It's hard for me to look at this as anything other than Schumer and Jefferies putting obstacles in the way of Progressives.
What?
The opposite of this is true. Assuming you're not describing a different thing by the same name - an American speciality - ranked choice allows you to vote for the most extreme option as first choice and if/when they are eliminated, your vote is not wasted but assigned to the next most extreme option. How exactly would it boost moderates except in that once the extremes are eliminated, your vote goes to the moderate that you want rather than it failing to oppose the people you don't want.
I think you've pretty much got it. Extreme candidates tend to get eliminated because they tend to be the least popular with other parties voters. RCV punishes this unpopularity. Also candidates with similar goals can work together, this advantage is obviously is going to be unavailable for people running from the fringe.
Just imagine a New York primary where two weak moderates were running against a progressive. The two moderates are almost working together because it's likely that whoever looses will gift their votes to the other. Ranked choice candidates have often "teamed up", with ads asking their supporters to rank the other candidate 2nd.
I think lots of Democrats have been thinking about how the primary in New York could have been different and this is the answer to that question.
I mean, what would you suggest instead? Some system where a simple plurality can elect your fringe candidate? We could give the seat to whatever candidate Passes the Post First?
What you're describing has nothing to do with the voting system. If your candidate is so far to the fringe that they can't overcome the gravity of the primary center then they should probably be in their own party. If the voting public wouldn't rank them above all other weak moderates in the general then that's a problem with your electorate and election funding rules.
Sorry, you don't get how it works or how voters behave at all. This isn't some hypothetical. This works in dozens of other countries, thousands of other elections. You're hand-wringing about who people choose to vote for. Letting people vote for their preference is literally the point. Completely eliminating the biggest thing stopping Americans from voting for the person they actually want to vote for.
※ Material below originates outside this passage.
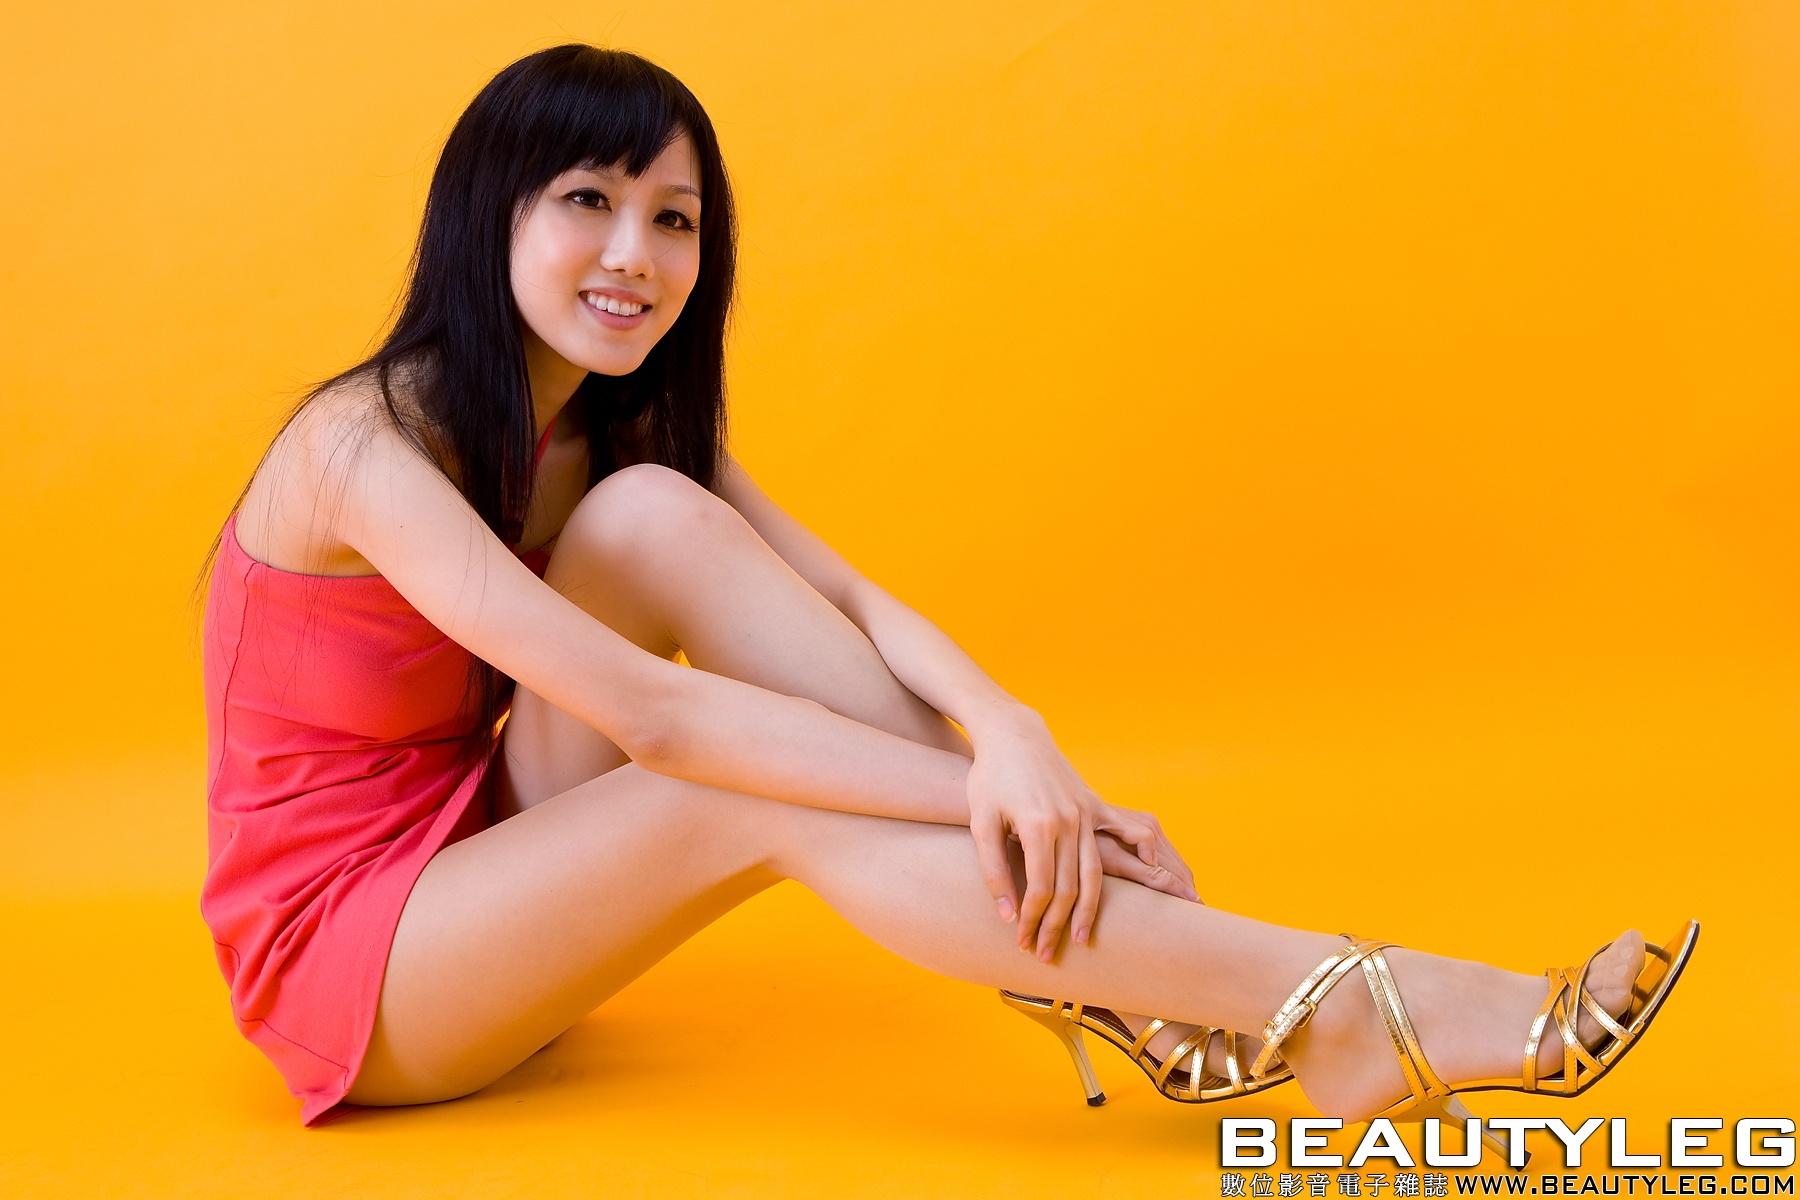 求腿模sara的写真集 全套的 1151591005@qq.com
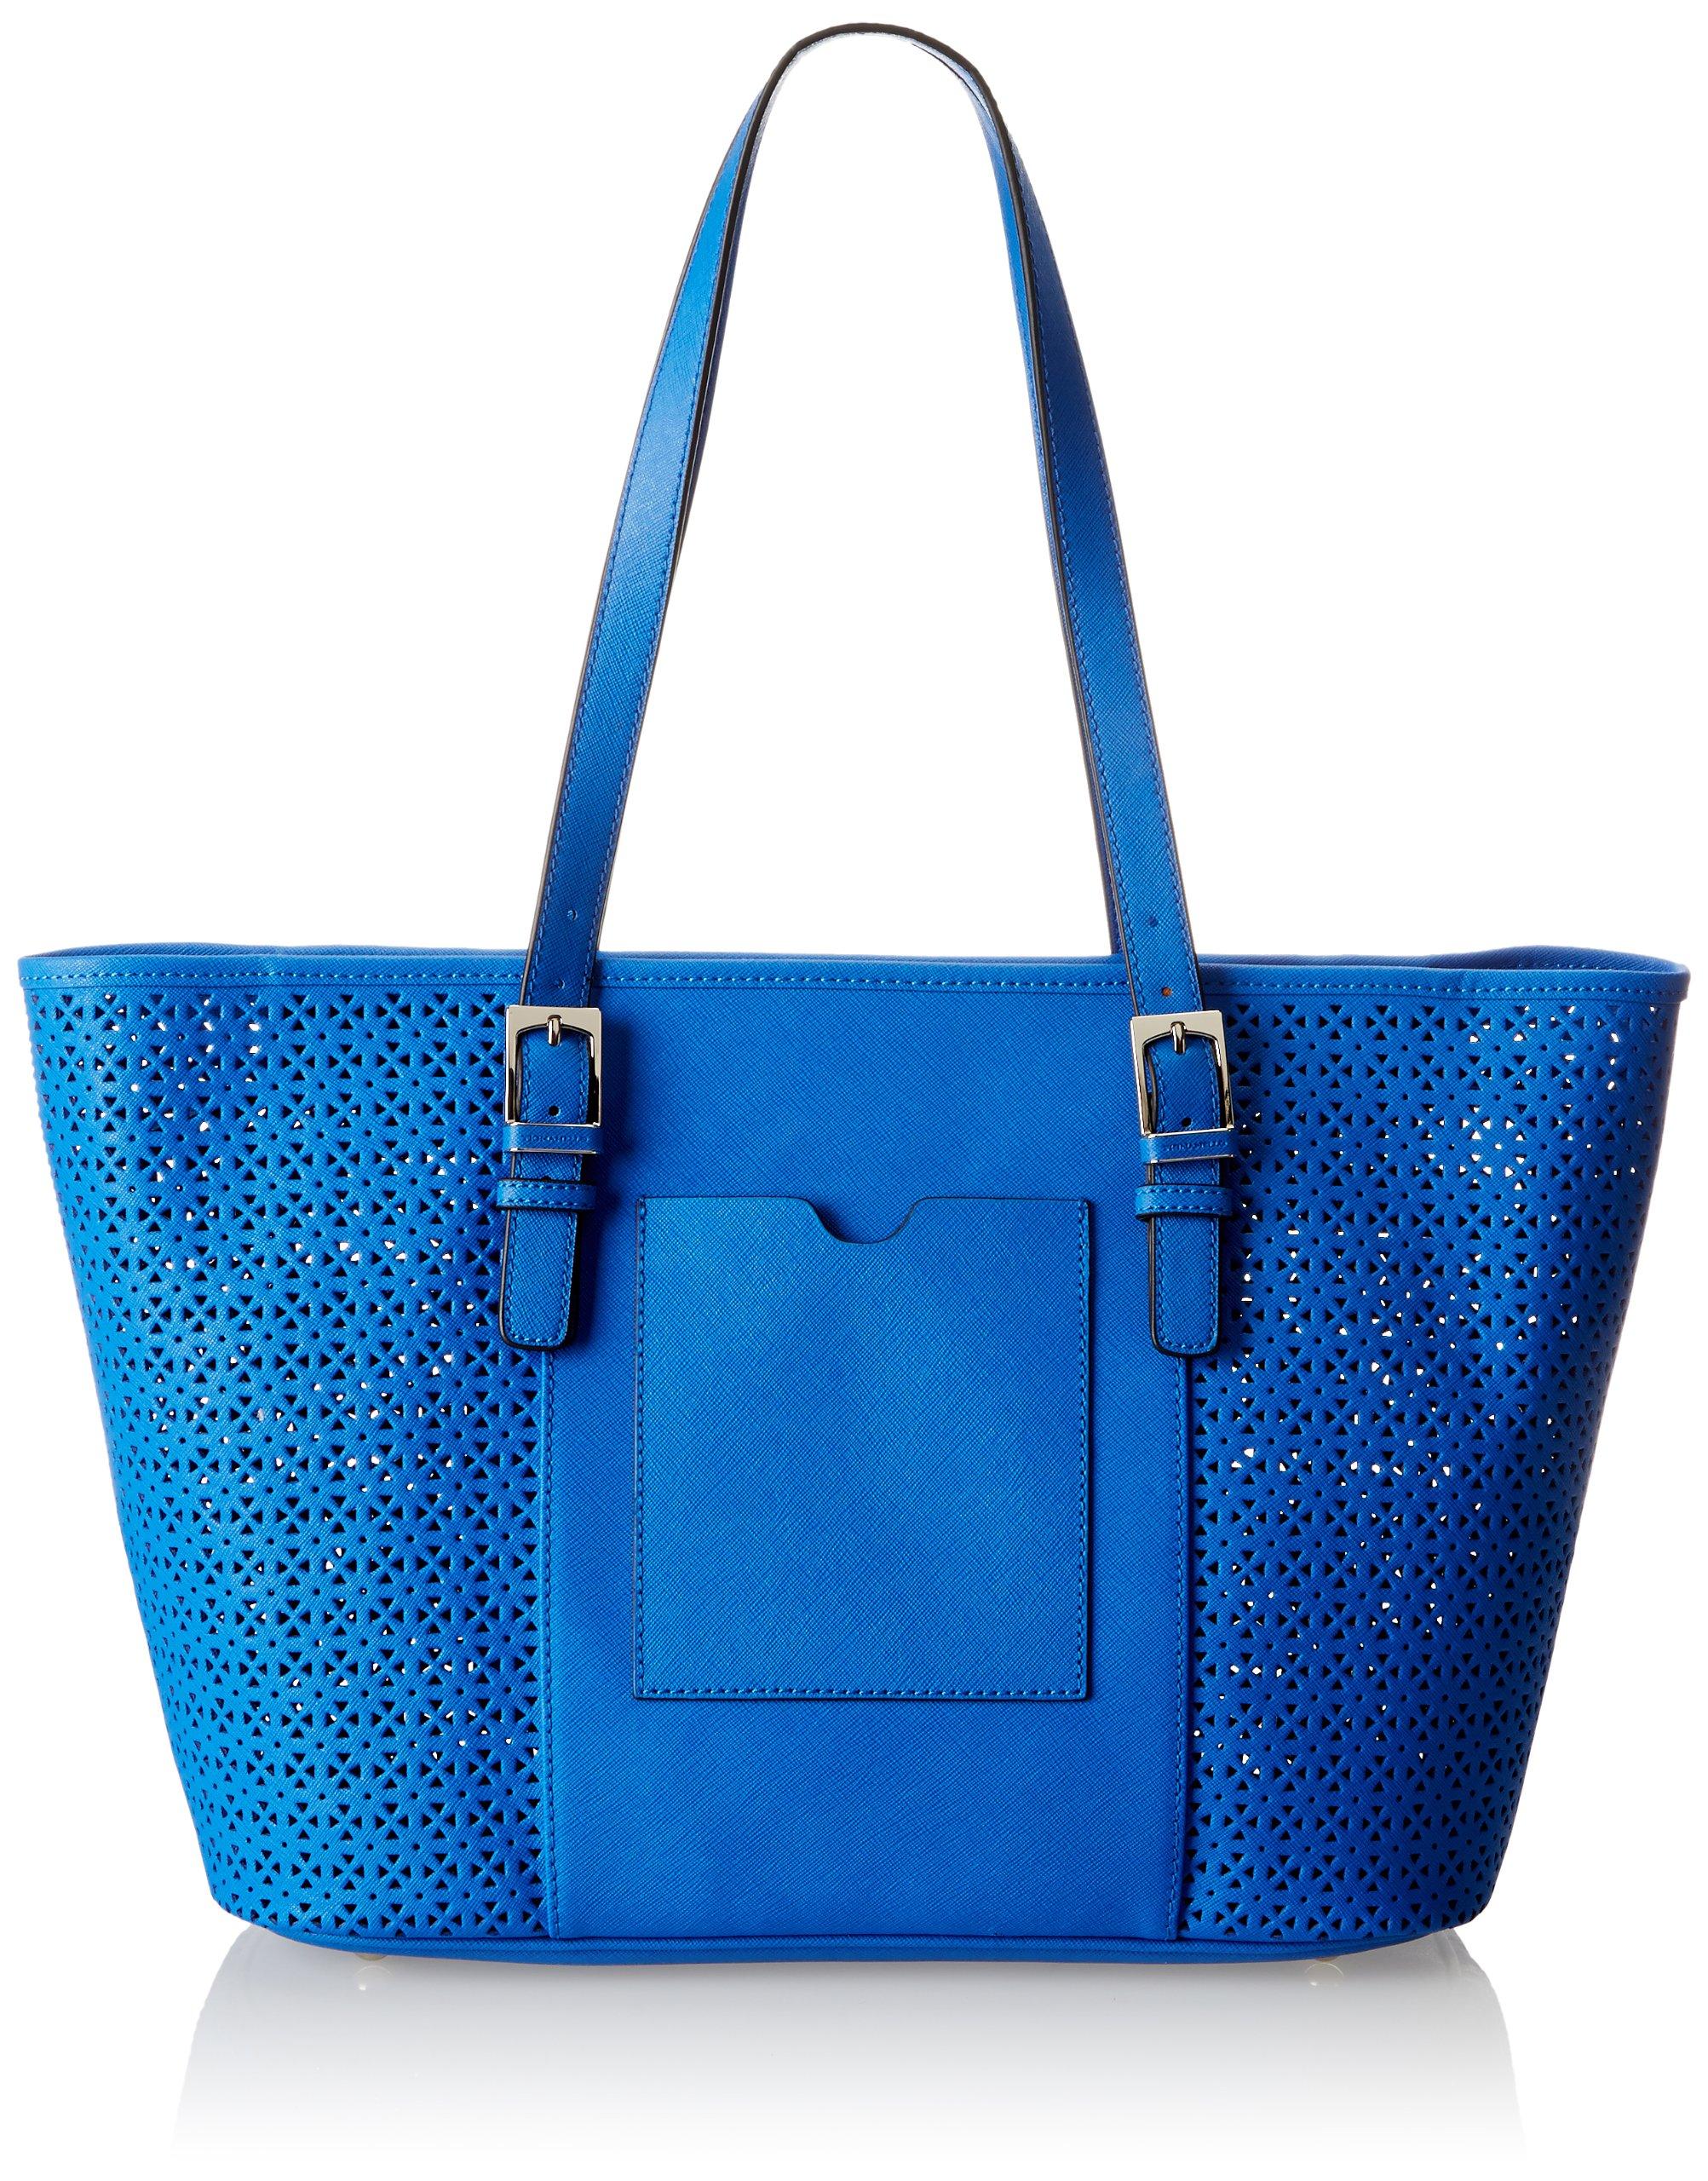 Tignanello Summer Lovin Perf Large Shoulder Bag,Royal,One Size

America's biggest problem is that votes don't transfer. All this rhetoric that everyone has to weigh in behind the "viable" centrist candidate - consistently drifting right - or "it's a vote for the Republicans". And the establishment expects you to vote for that person who can win, their policies don't matter, so long as they have the best chance of beating the other guy. Republicans are doing this too. Potential third party voters are doing this too.
Ah yes, the Mamdani nominated under RCV "supports status quo" 🙄
You got that math wrong, buddy.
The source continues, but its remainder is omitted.